The content pipeline needs its other half. Request encoding handles values going out; response decoding handles what comes back.

OpenAPI defines multiple possible responses per operation—success codes, error codes, ranges like 2XX, default fallback. Each response can declare multiple media types. The decoder matches status codes using OpenAPI precedence, selects media types with wildcard support, applies the appropriate decoder, and preserves the matched definitions for downstream use.

Same pluggable architecture as request encoding, inverted. The content pipeline is now symmetric.

MCP Dynamic Tools

MCP recently announced dynamic tool updates—adding and removing tools mid-session. We prototyped dynamic tool registration using the new primitives.

Dynamic Tool Prototype

Tools register on demand when agents discover operations via semantic search. The flow works: agent searches, system registers the tool, agent calls it immediately.

Client Support

No MCP clients support dynamic tool updates yet. Claude Desktop, Cursor, and other major clients use the tool list from session initialization and don’t respond to update notifications. Without client support, we’d need to pre-register tools—but a universal bridge can’t know in advance which APIs an agent will need.

Prompt DSL

Type-safe, composable prompt builder generating clean Markdown. Node types: section, list, code, yaml, json, link, image, strong, emphasis, strikethrough, thunk, block, inline. Thunks enable lazy evaluation with context awareness.

Document Fetching

Retrieves web pages with realistic browser headers and converts HTML to Markdown. URL fragment support for section-specific extraction. Useful for fetching OpenAPI additional documentation.

Credential Application and LLM Tool Generation

With request encoding complete, we added the authentication layer and started generating native LLM tools from OpenAPI operations.

Security Scheme Binding

Credentials apply to requests based on declared security requirements. An operation requiring OAuth gets a Bearer token; one requiring API key gets the key in its declared location (header, query, or cookie). The security scheme type determines how credentials transform into request headers or parameters.

Scheme-Bound Isolation

A credential is bound to a security scheme by name. The execution engine only applies it to operations that explicitly declare that scheme.

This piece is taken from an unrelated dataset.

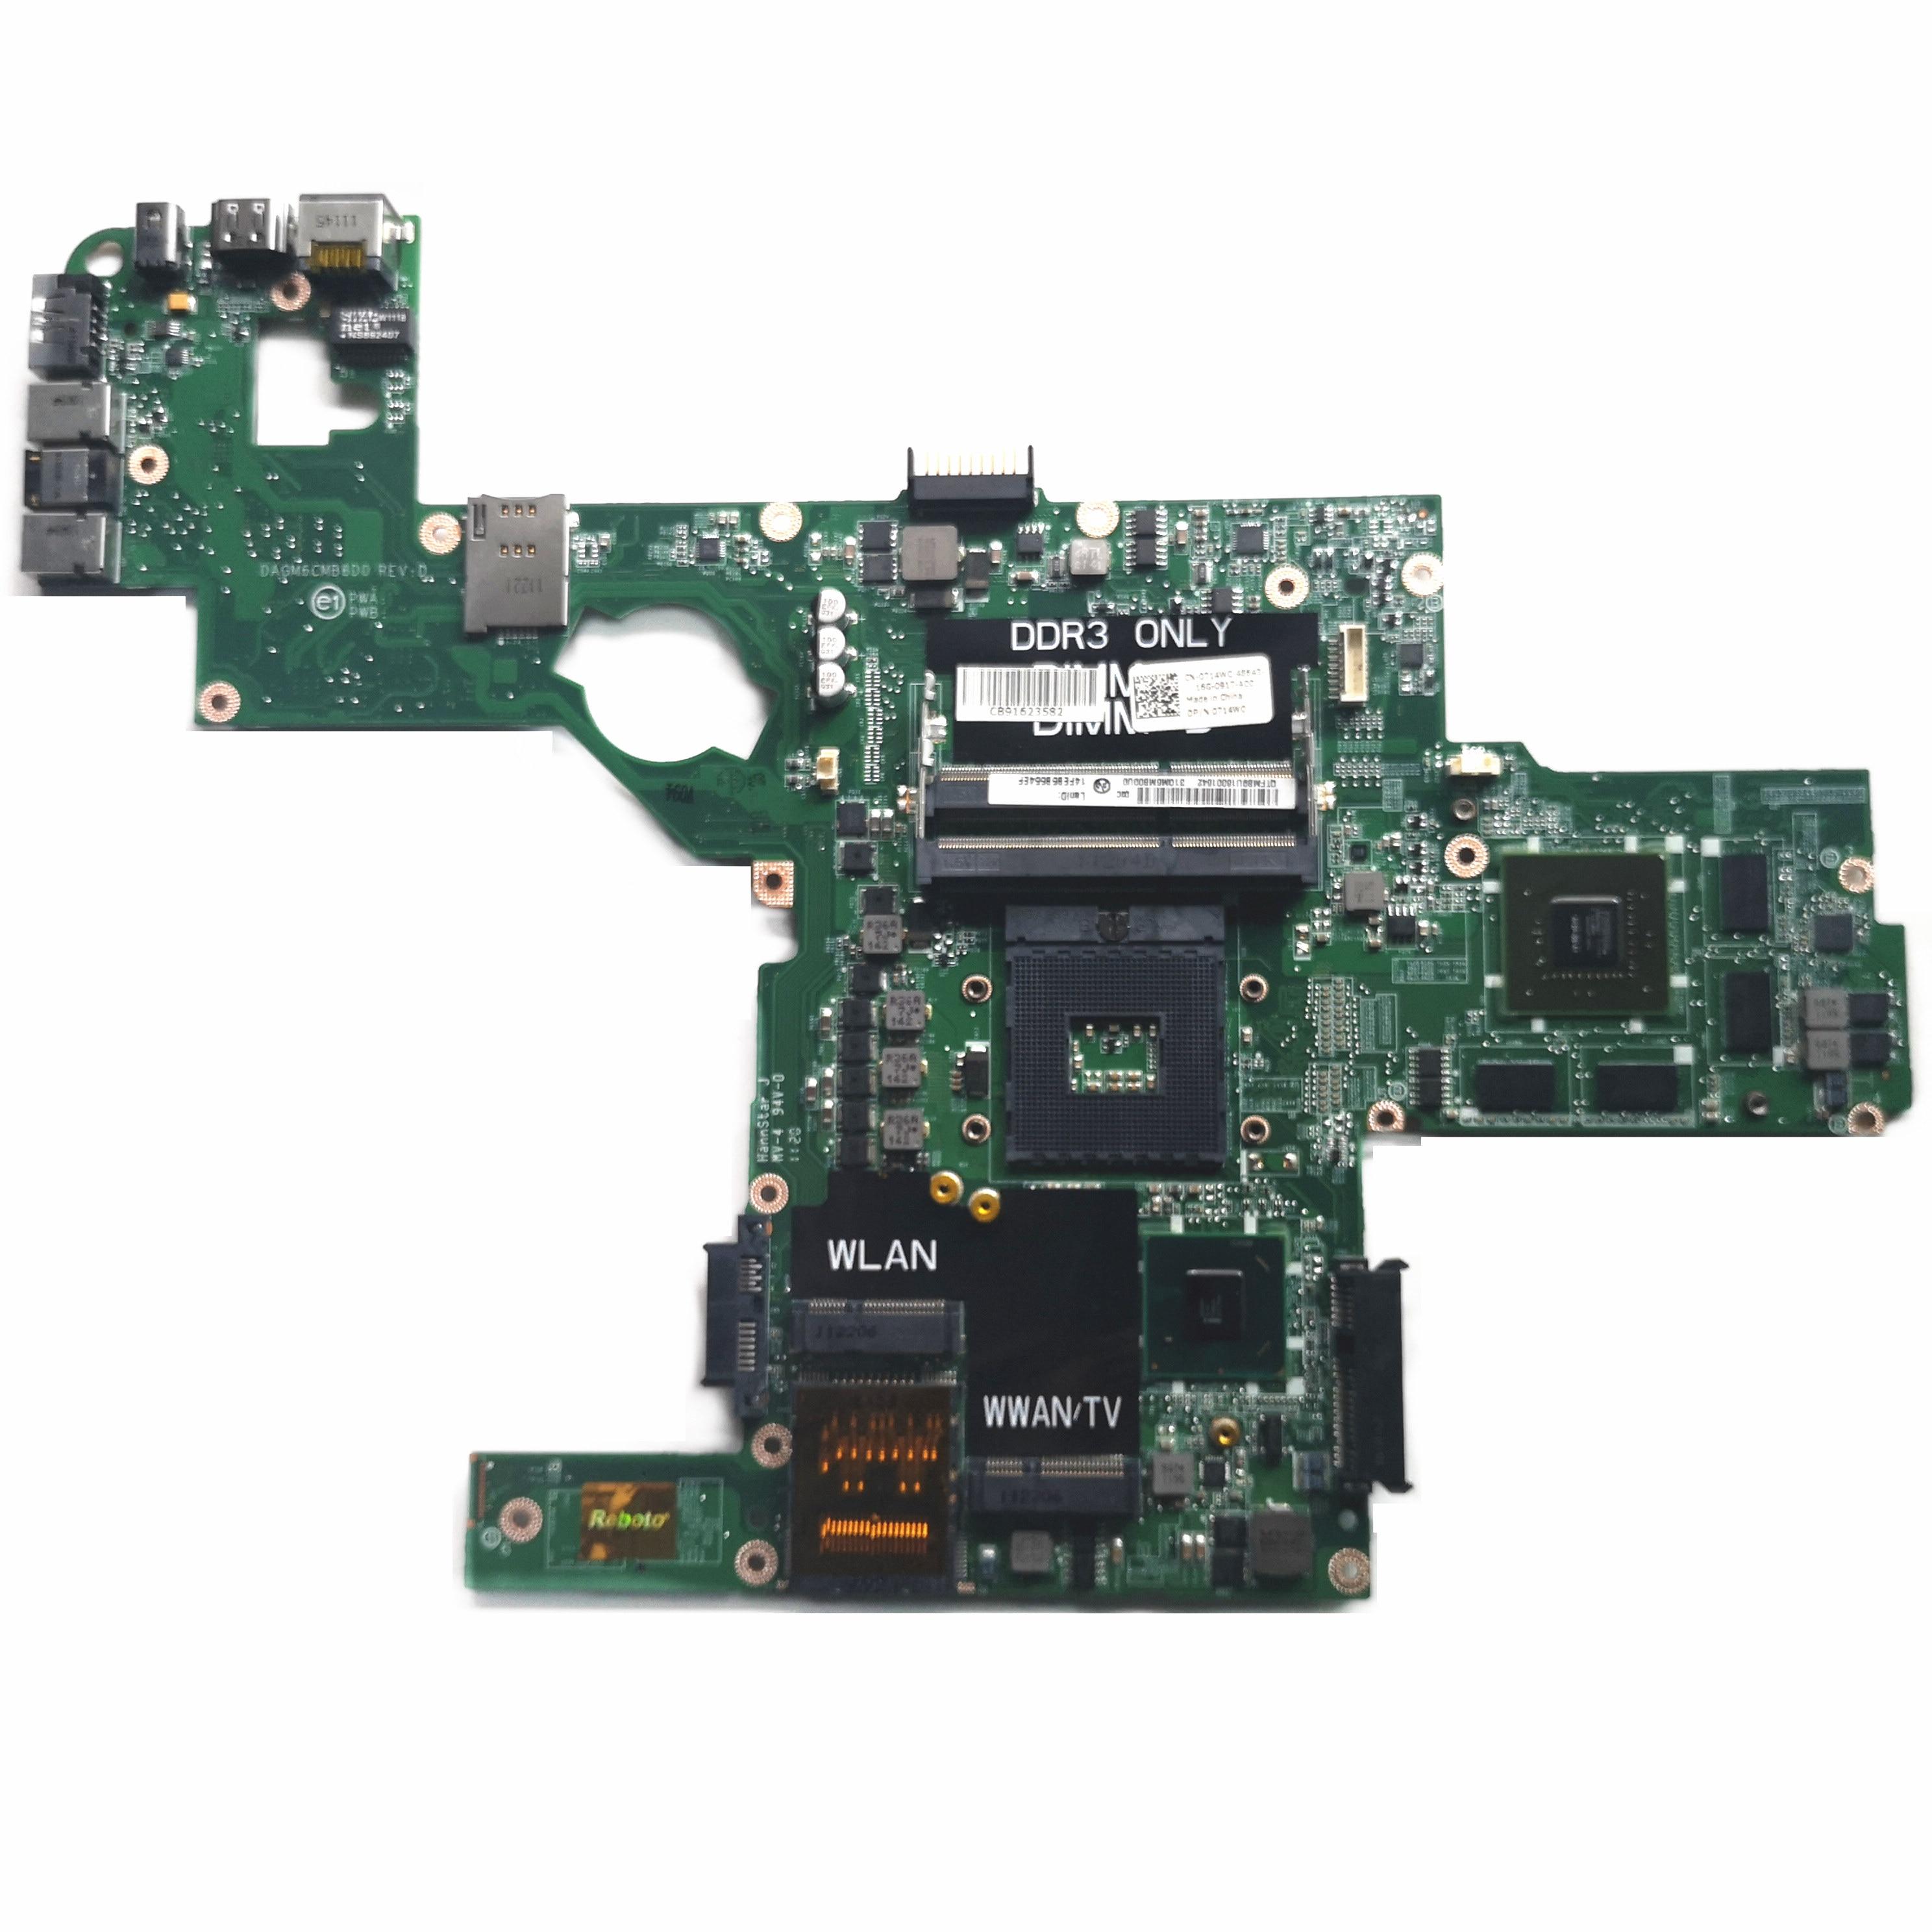 Reboto CN-0714WC 0714WC 714WC для DELL XPS L502X материнская плата для ноутбука GT540 2GB DAGM6CMB8D0 HM67 100% проверенная Быстрая доставка

Even with valid credentials, they cannot leak to operations that don’t request them. This is a structural guarantee, not a policy.

Server URL Templating

Server URL templates support variables with enum constraints. Variable schema generation enables validation. Server override at template creation or request encoding time supports multi-environment specifications.

LLM Tool Generation

Tool generator transforms OpenAPI operations into native LLM tool definitions. Takes an operation’s parameters and request body, generates a JSON Schema for function calling, registers tools dynamically.

Schema Normalization

LLM vendors each implement an unspecified subset of JSON Schema for function calling. No vendor documents which keywords they support. No two vendors support the same subset. additionalProperties works in some contexts but not others. oneOf supported by one vendor, silently ignored by another. Nested $ref resolution varies.

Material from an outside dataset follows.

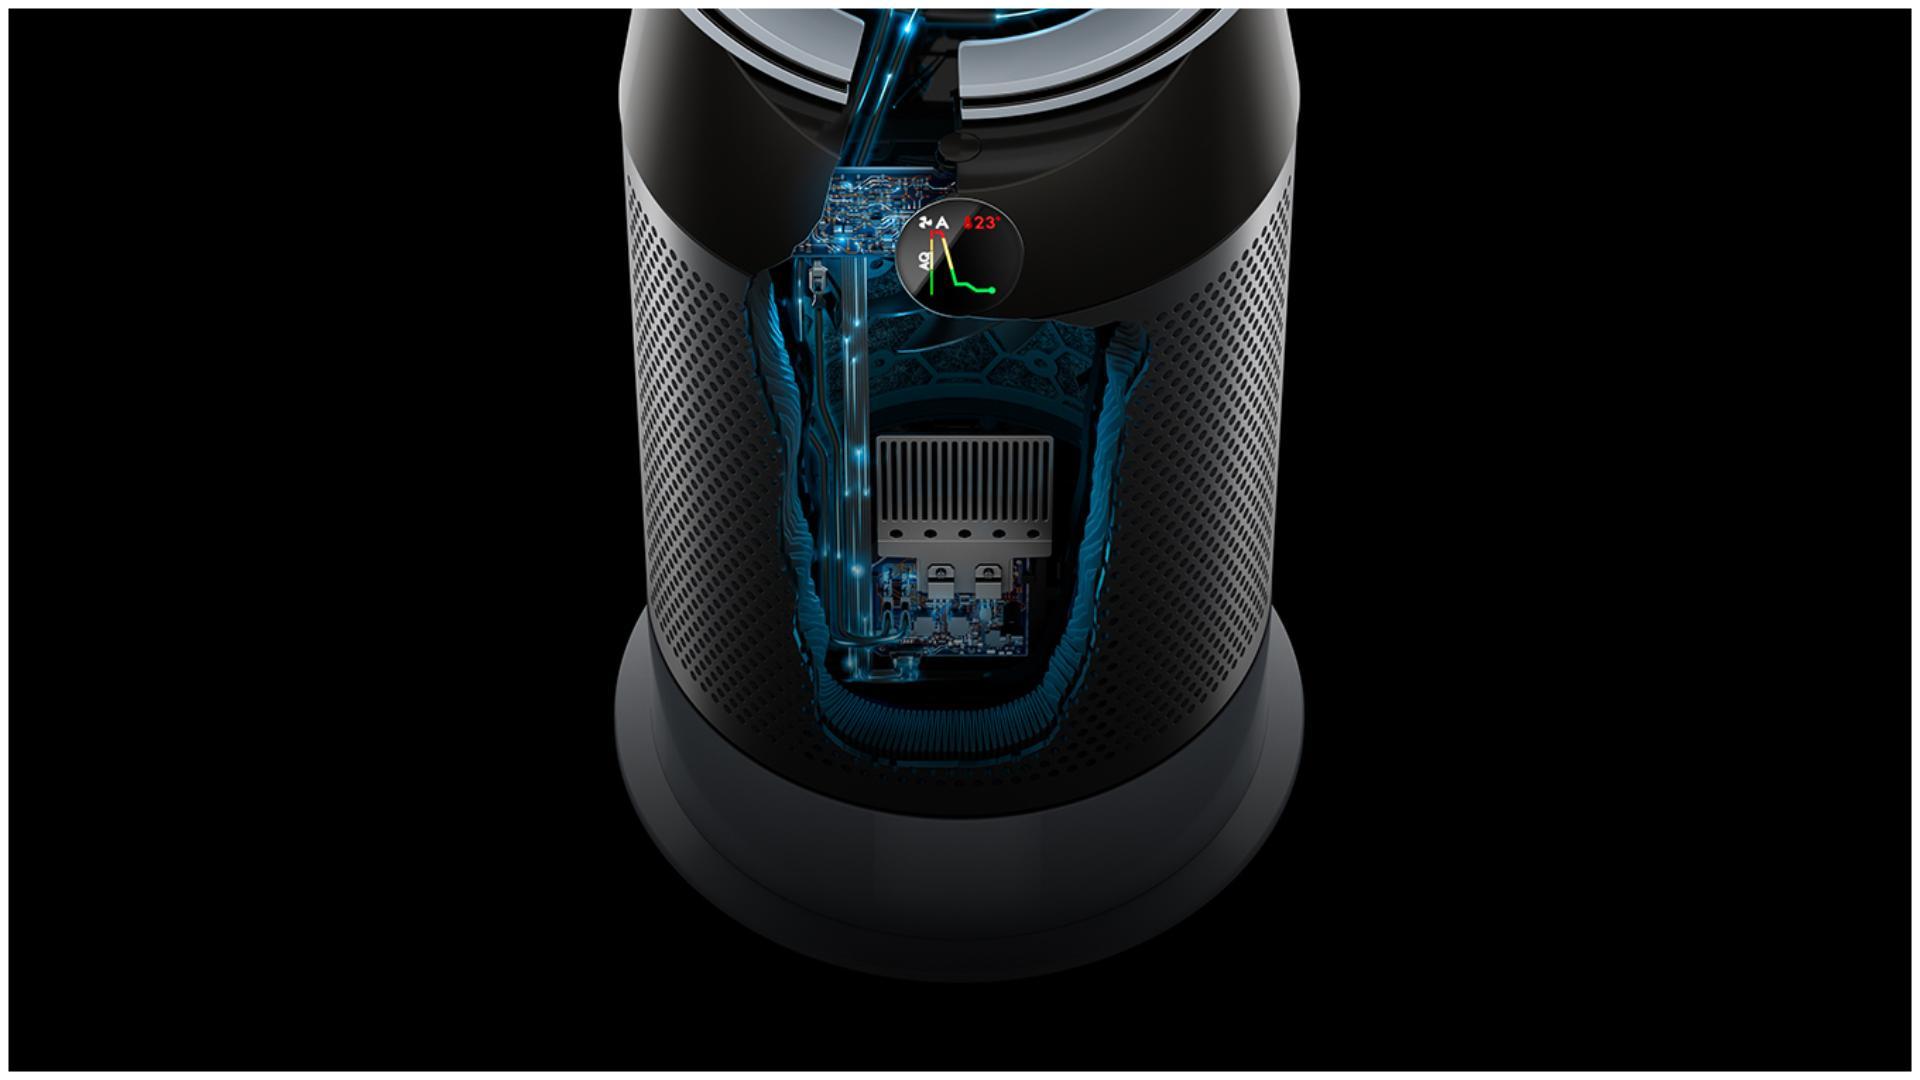 صورة بالأشعة السينية للتحكم بمُنظِّم الحرارة

We’re building normalizers to transform schemas into each vendor’s accepted subset. Every hundred operations in our corpus surfaces another valid construct that some vendor rejects.

Authentication Header Normalization

Analysis of 4,138 OpenAPI specifications from the APIs Guru corpus revealed that only 39% properly declare security schemes. The remaining 61% use direct header parameters, creating challenges for generic clients and AI agents that need clean security boundaries.

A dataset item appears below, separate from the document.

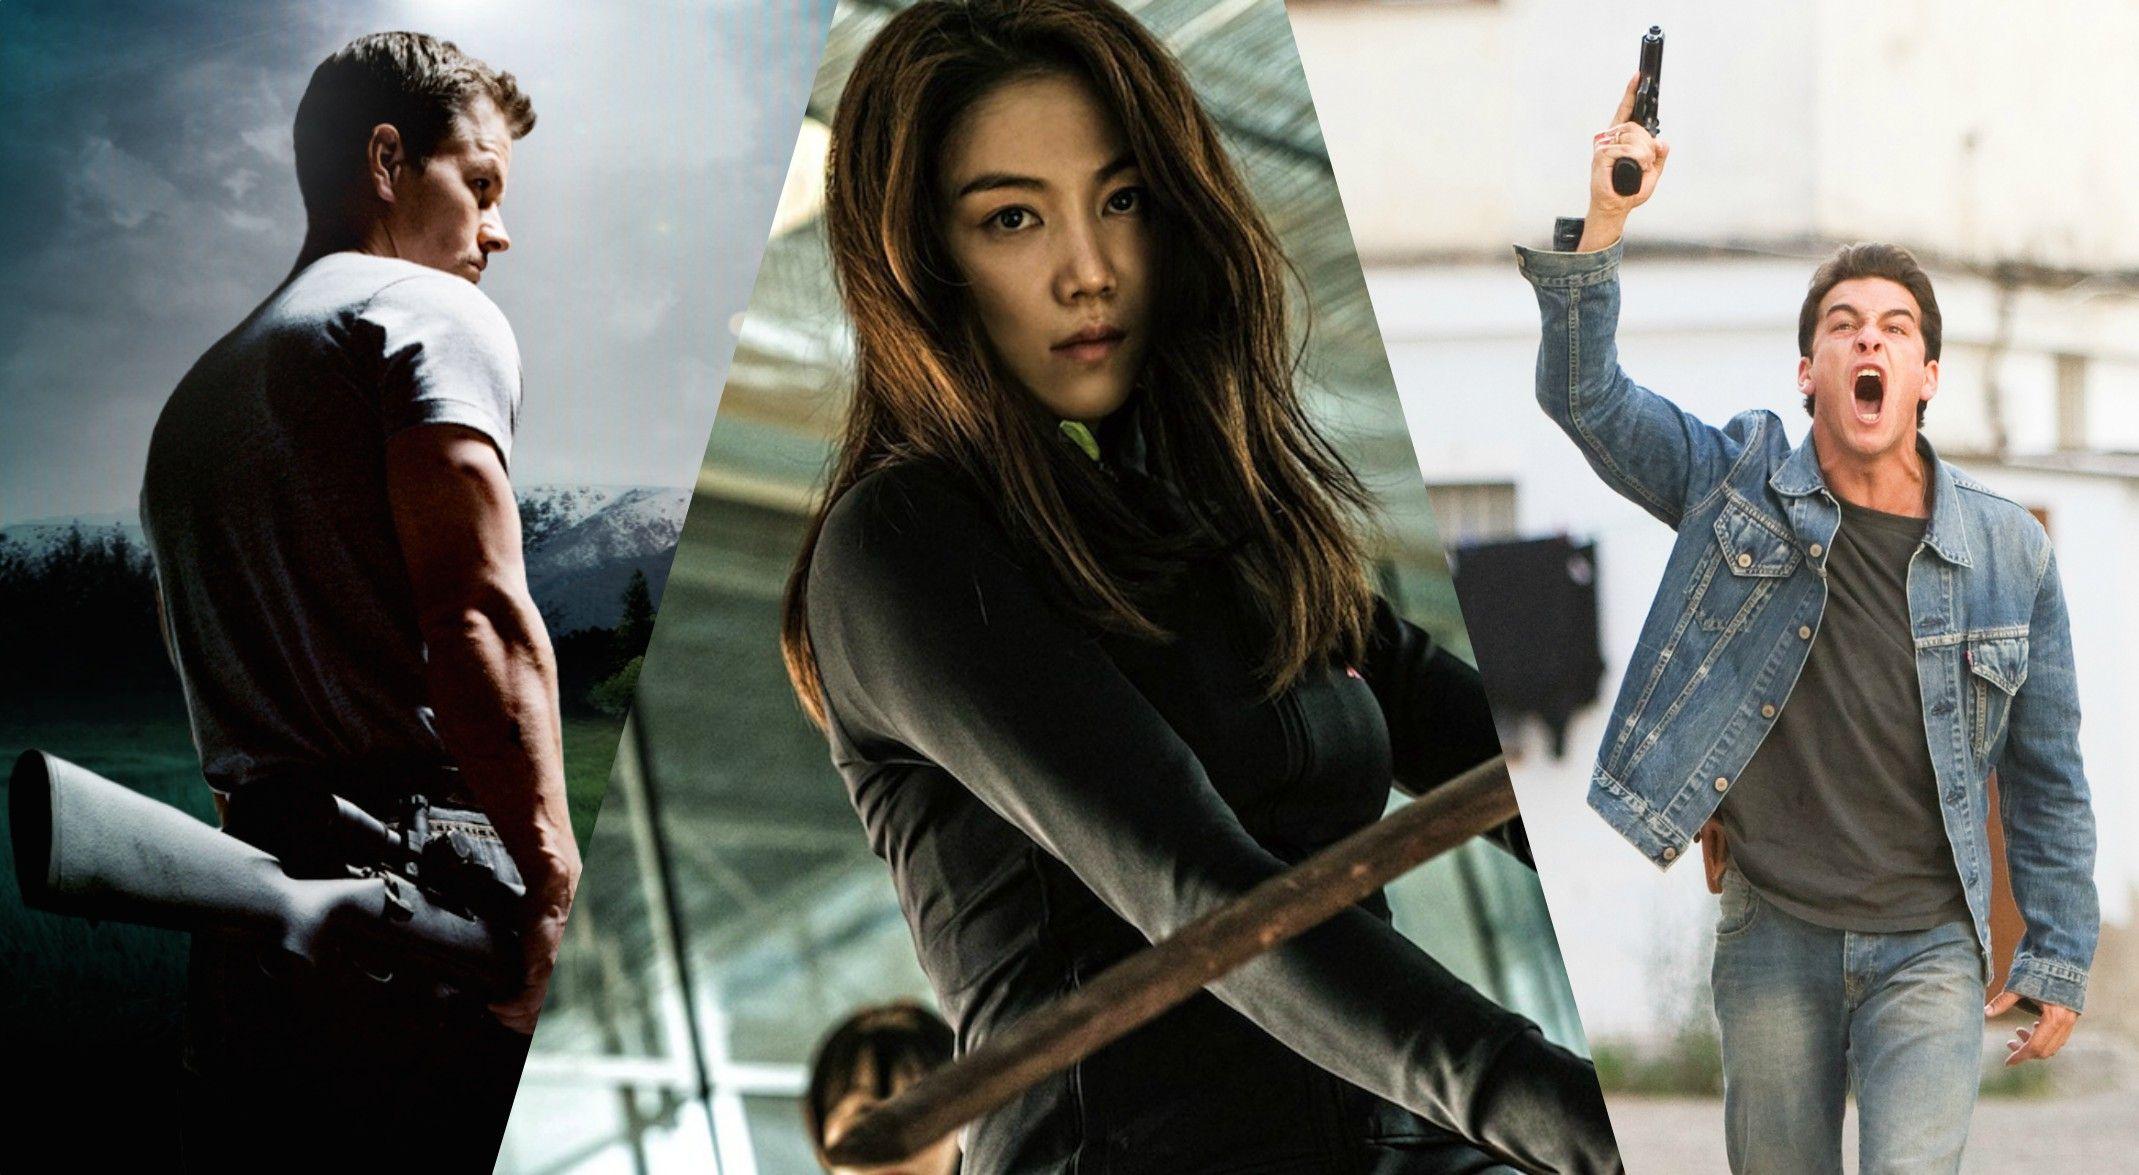 Las 21 mejores películas de acción en Netflix

Among APIs using direct auth headers, 62% use the generic Authorization header. Pattern analysis shows predictable distribution: 66% are Bearer tokens (detectable via “bearer”, “jwt”, or “token” in descriptions), 32% are OAuth 1.0 signatures, and only 3% are ambiguous. Description-based detection is sufficient.

The normalizer detects common auth headers—Authorization, X-Api-Key, Auth-Token, Access-Token, and variants—and converts them to proper security schemes. Type inference uses parameter descriptions. Merge strategies control how normalized schemes inject into operations: always, when-missing, or when-undeclared.